---- SUPPLIED DATA

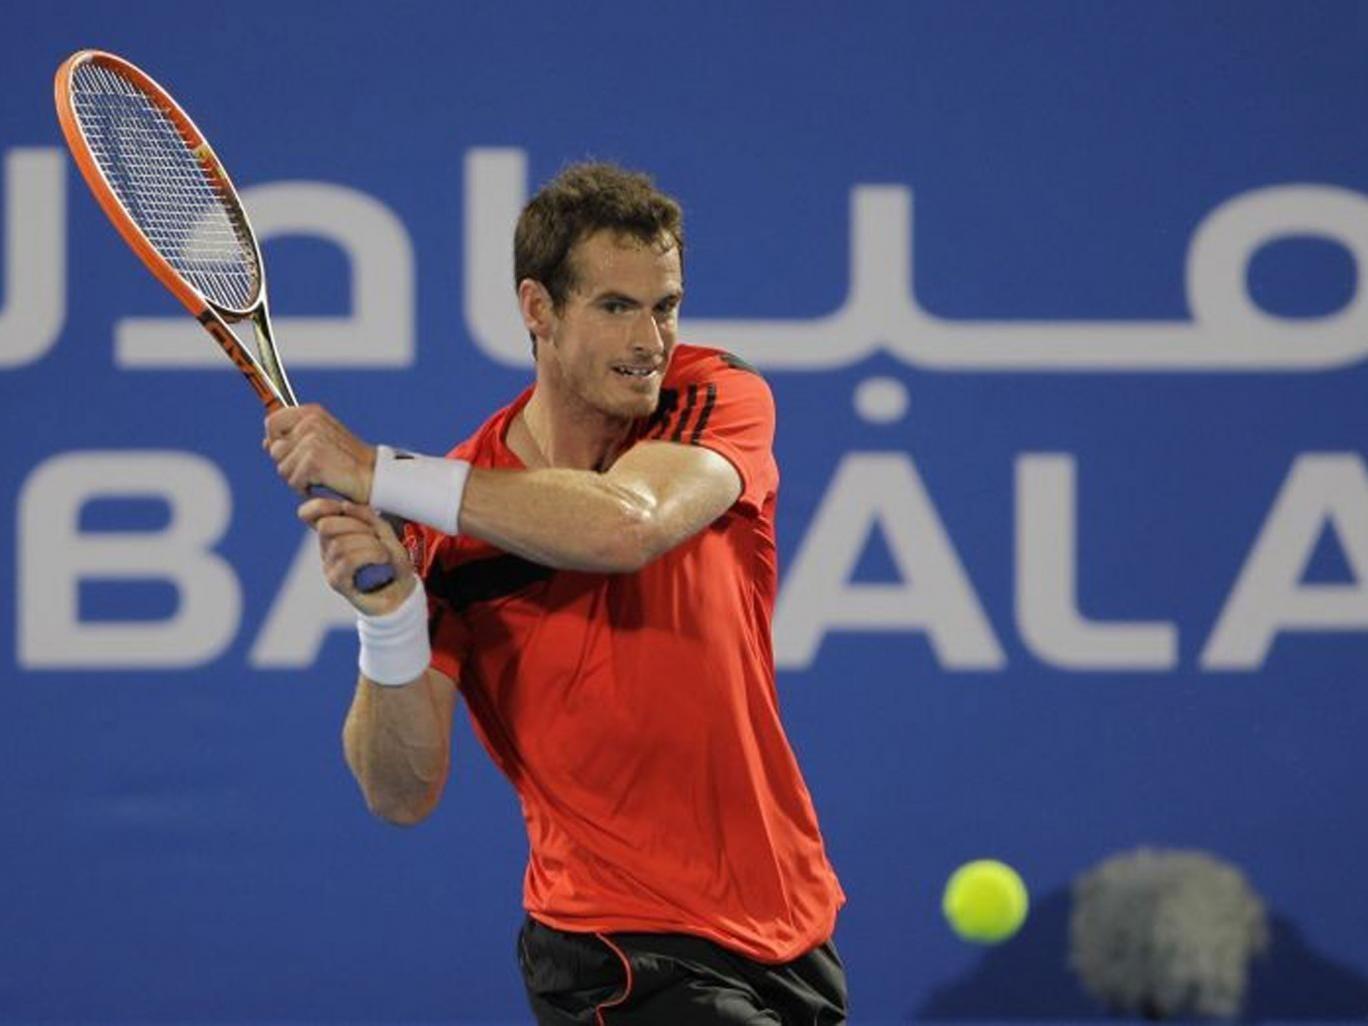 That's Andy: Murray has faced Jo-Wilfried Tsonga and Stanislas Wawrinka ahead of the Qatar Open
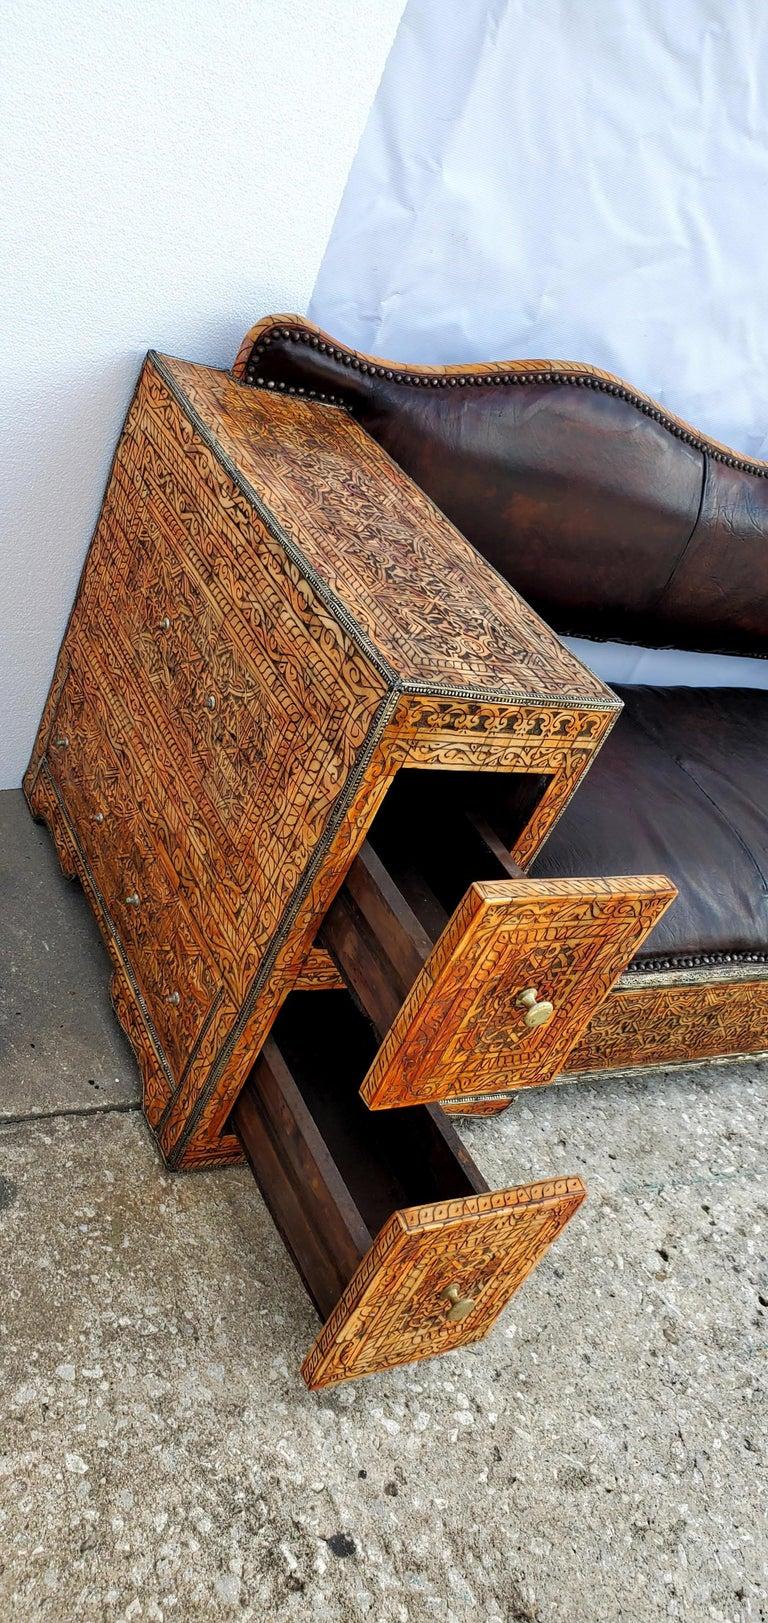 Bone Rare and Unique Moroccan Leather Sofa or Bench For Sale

--------
---- SUPPLIED DATA

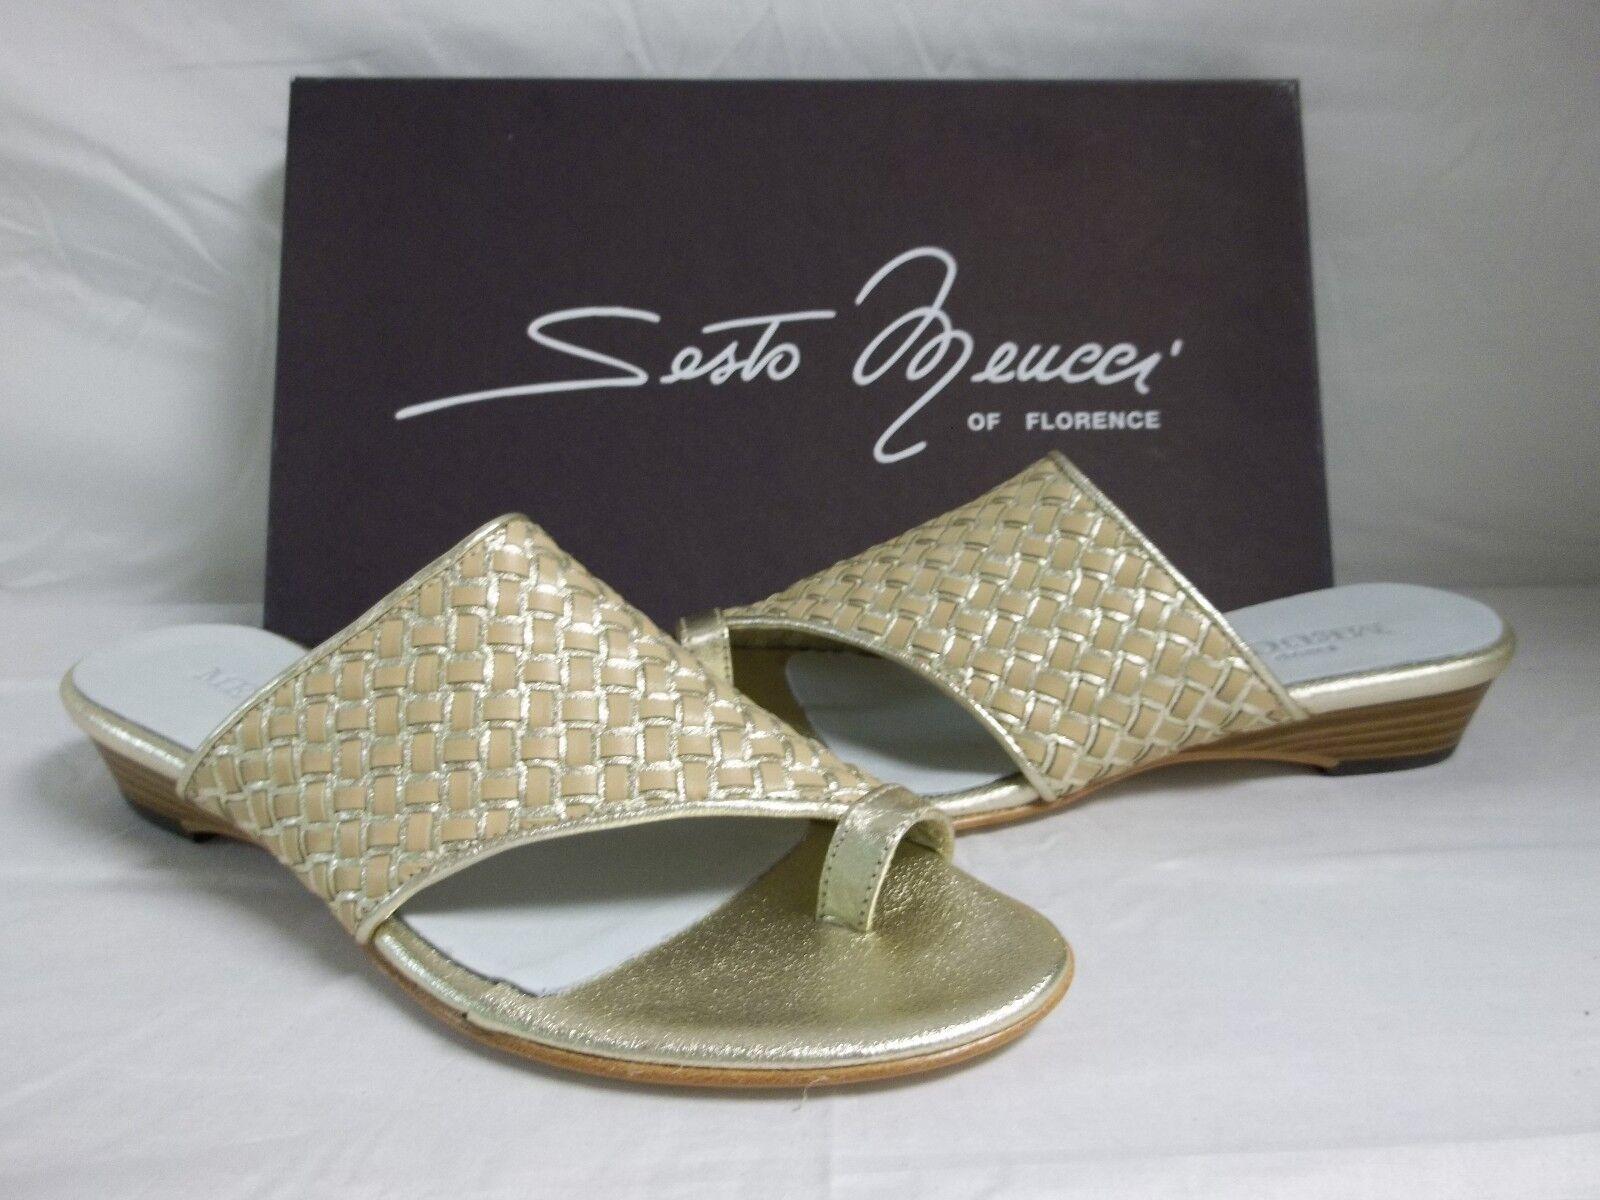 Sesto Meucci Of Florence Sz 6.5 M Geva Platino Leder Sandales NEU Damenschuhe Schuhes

--------
---- SUPPLIED DATA

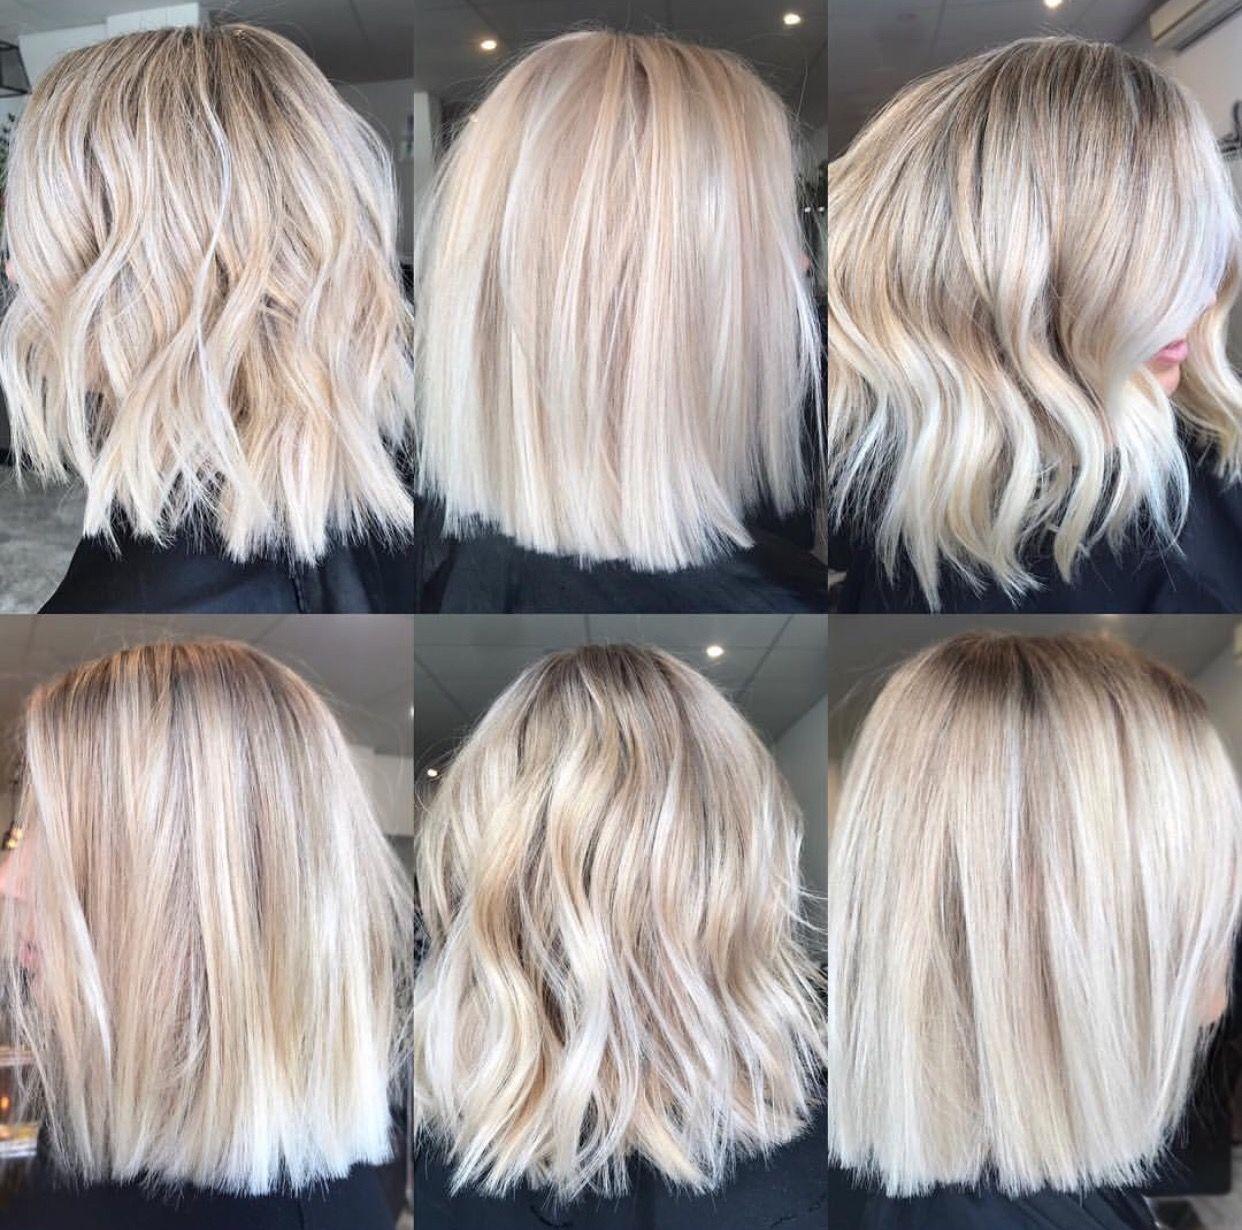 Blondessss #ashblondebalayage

--------

AIM OF THE TASK: Set down, exactly as written above, each line from the one with "That's Andy: Murray" through the one with "Bone Rare and", and skip the pictures.

SOLUTION:
 That's Andy: Murray has faced Jo-Wilfried Tsonga and Stanislas Wawrinka ahead of the Qatar Open
 Bone Rare and Unique Moroccan Leather Sofa or Bench For Sale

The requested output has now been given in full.